DESCRIPTION OF THE TASK ▸ What you give back should be exactly the lines from the one with "Moschino - Accessoires" through the end of the data, without the pictures.

DATA BELOW ▸
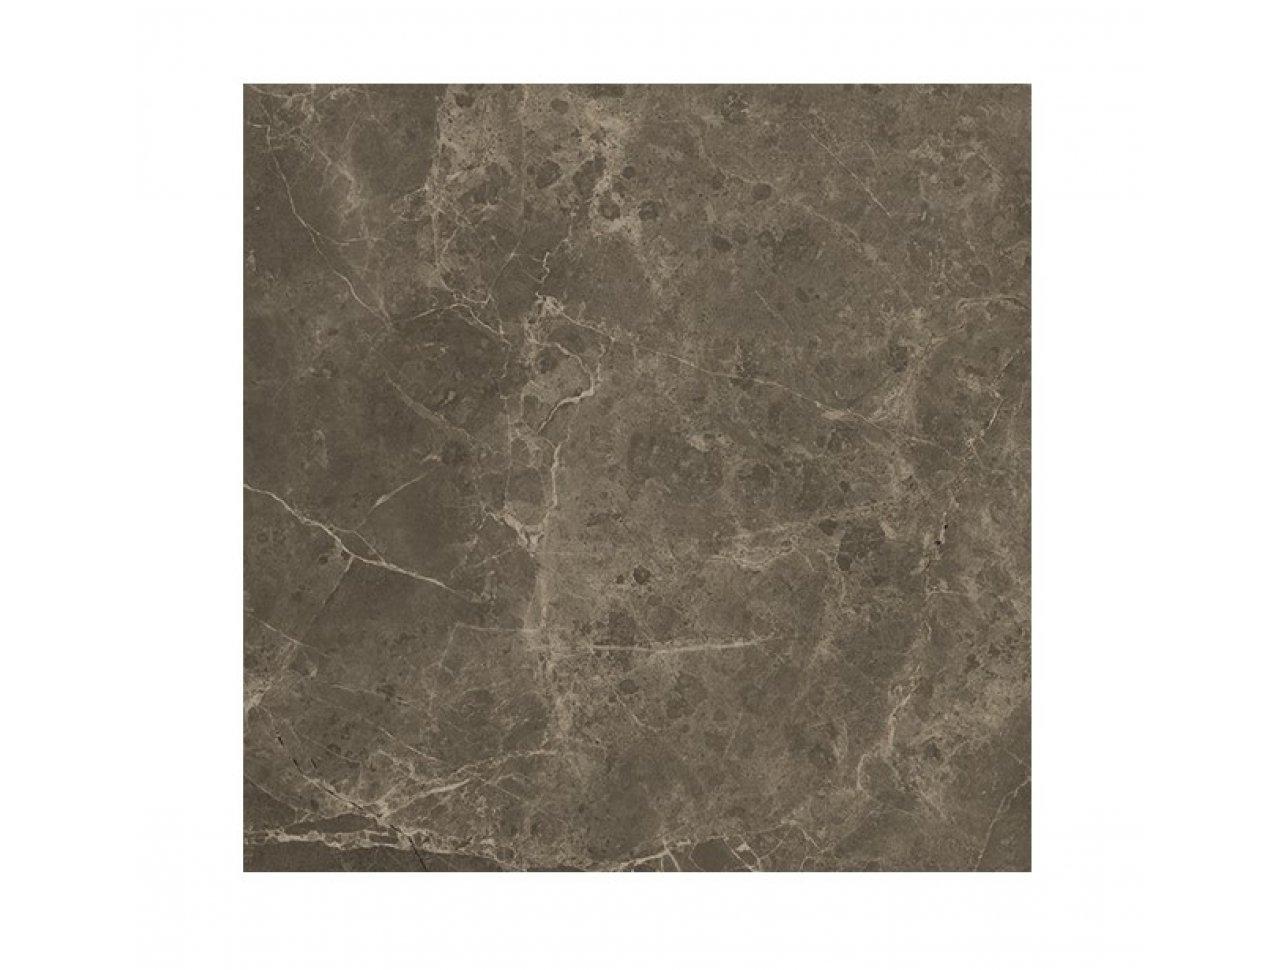 Напольная плитка FAP Roma Imperiale 20 x 20 см, Арт. fLX3
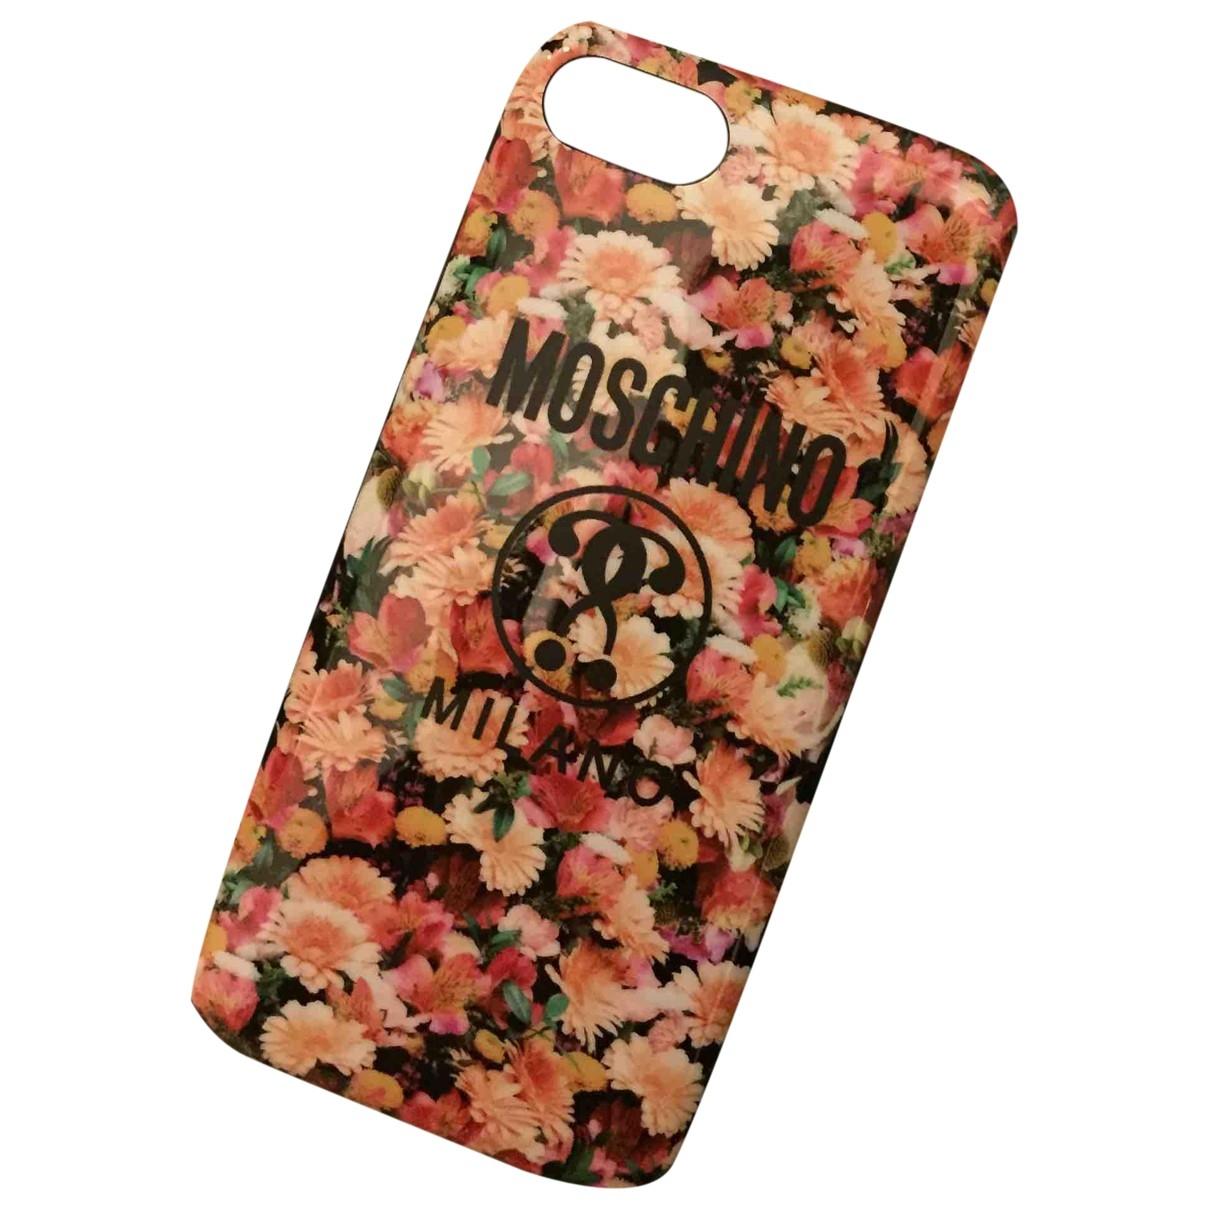 Moschino - Accessoires   pour lifestyle
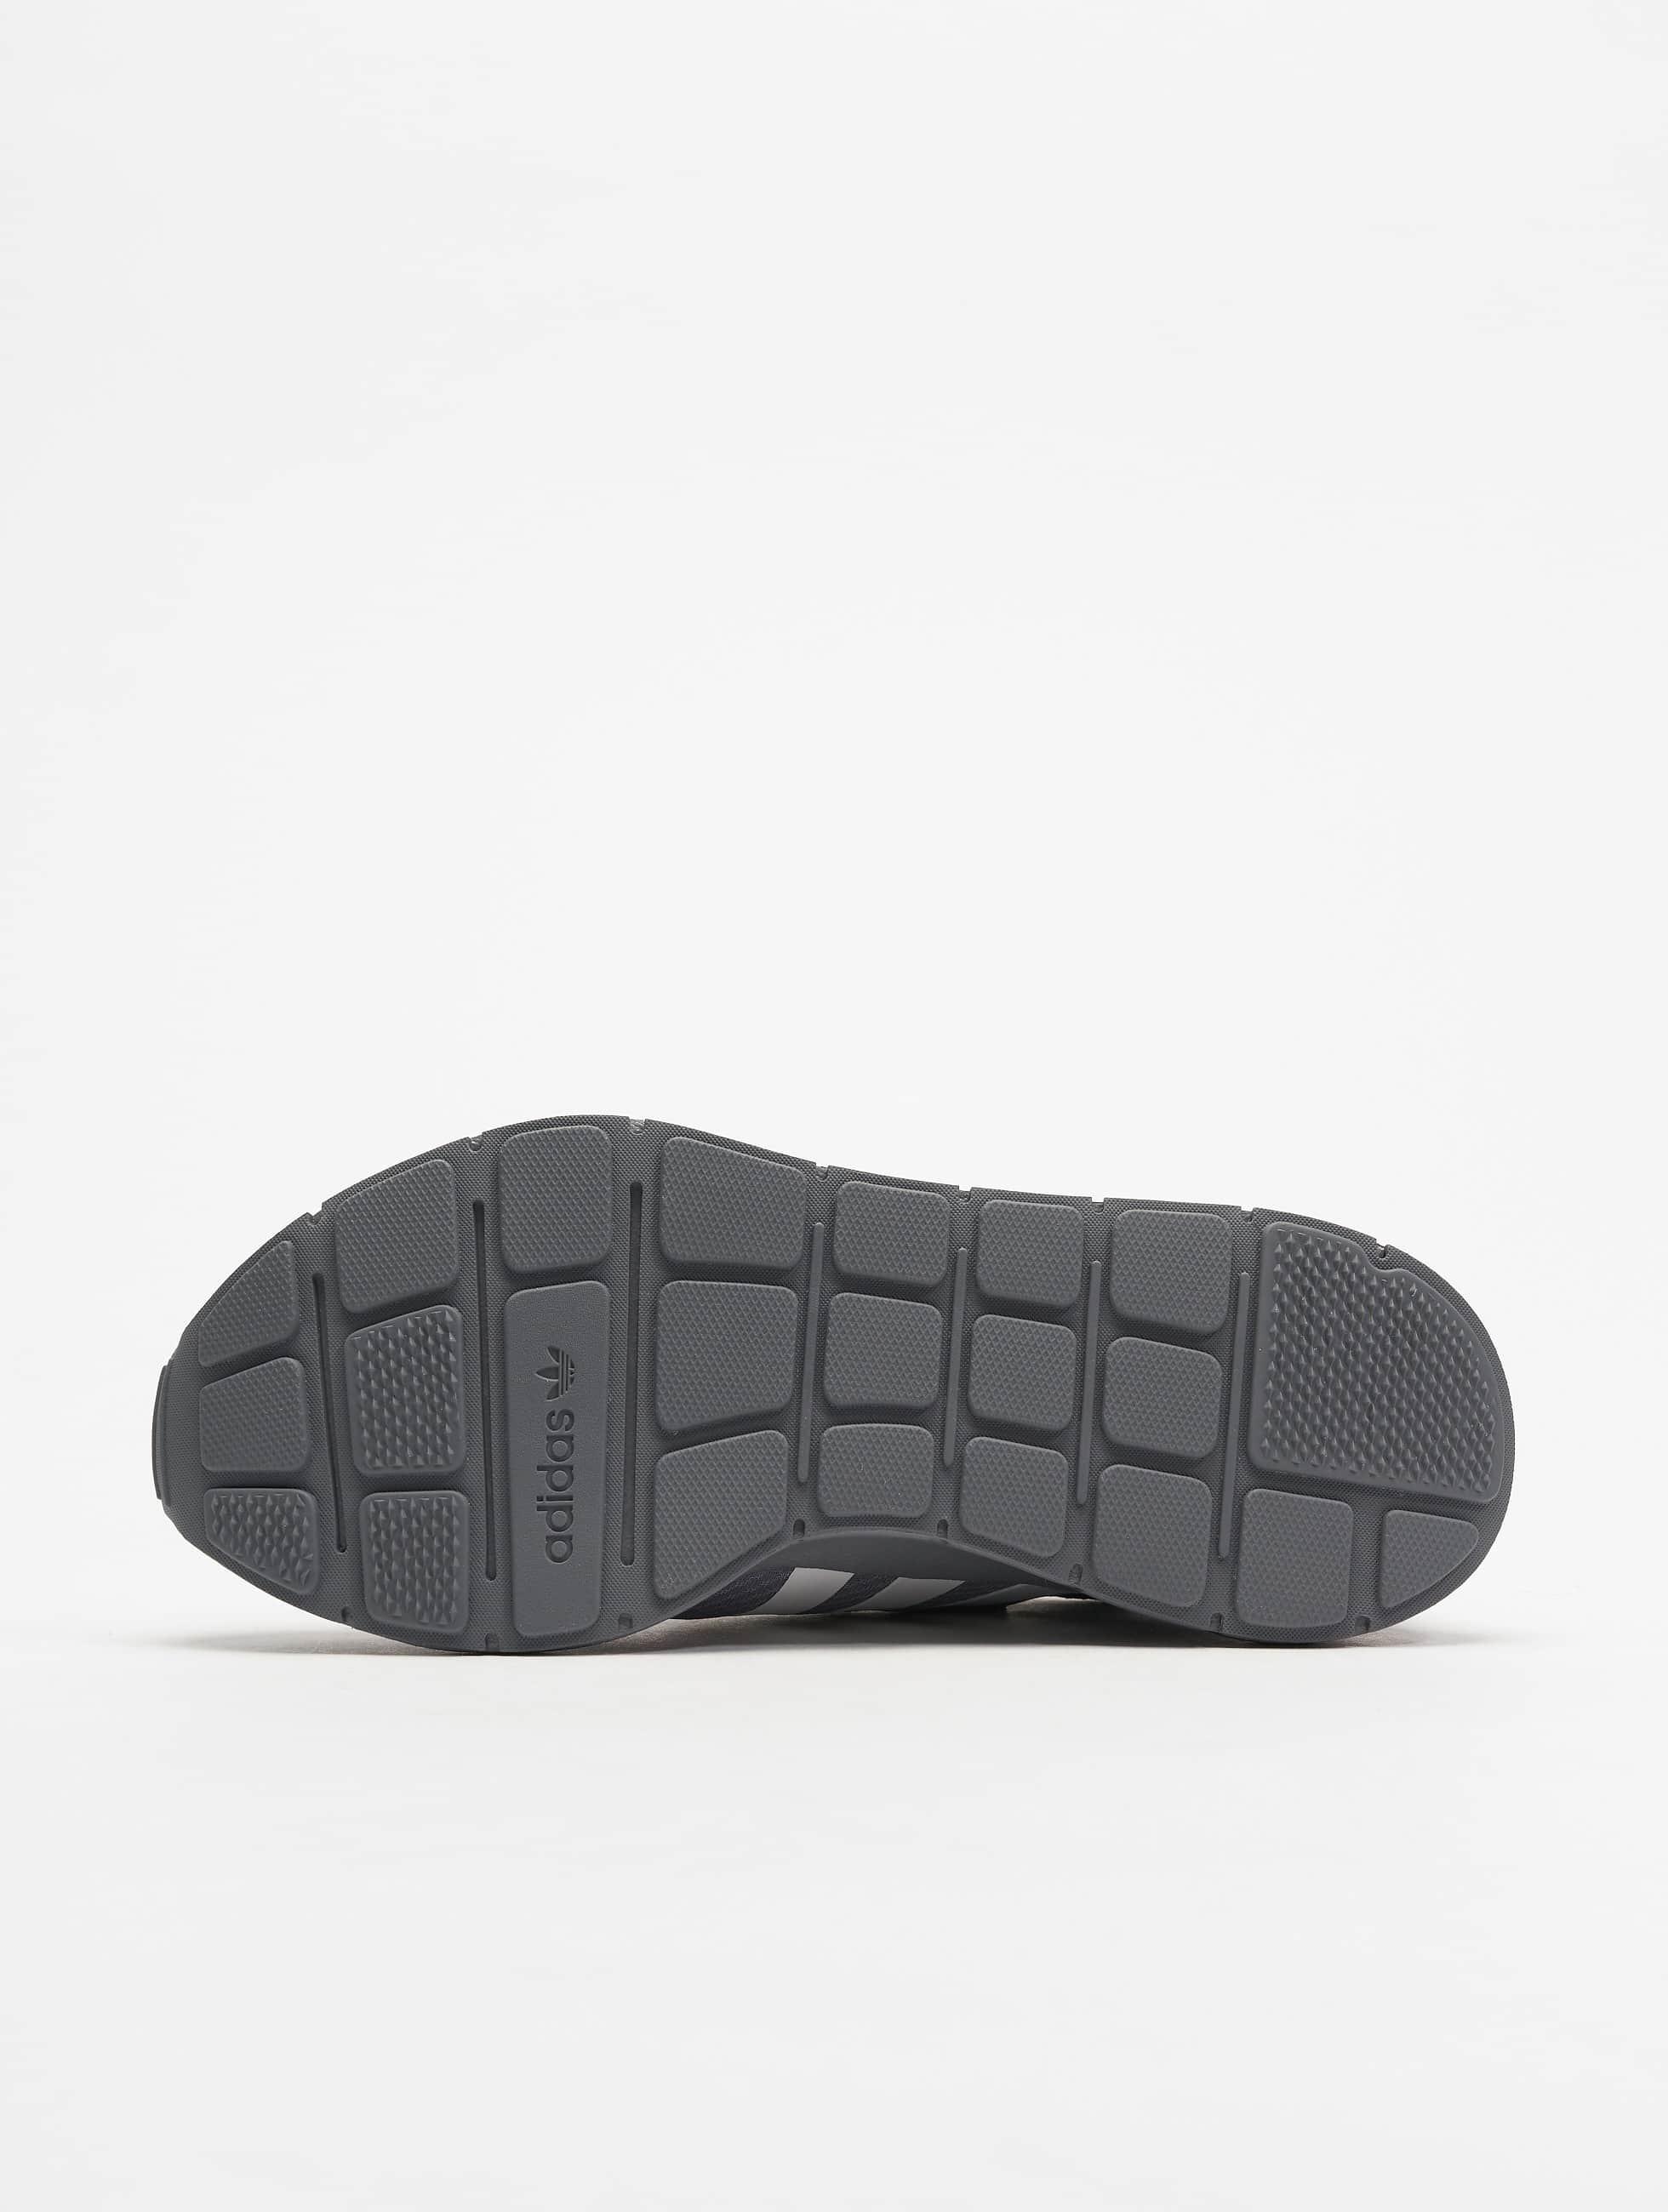 Adidas originals Herren Schuhe Turnschuhe Originals Swift

YOUR SOLUTION ▸
 Moschino - Accessoires   pour lifestyle
 Adidas originals Herren Schuhe Turnschuhe Originals Swift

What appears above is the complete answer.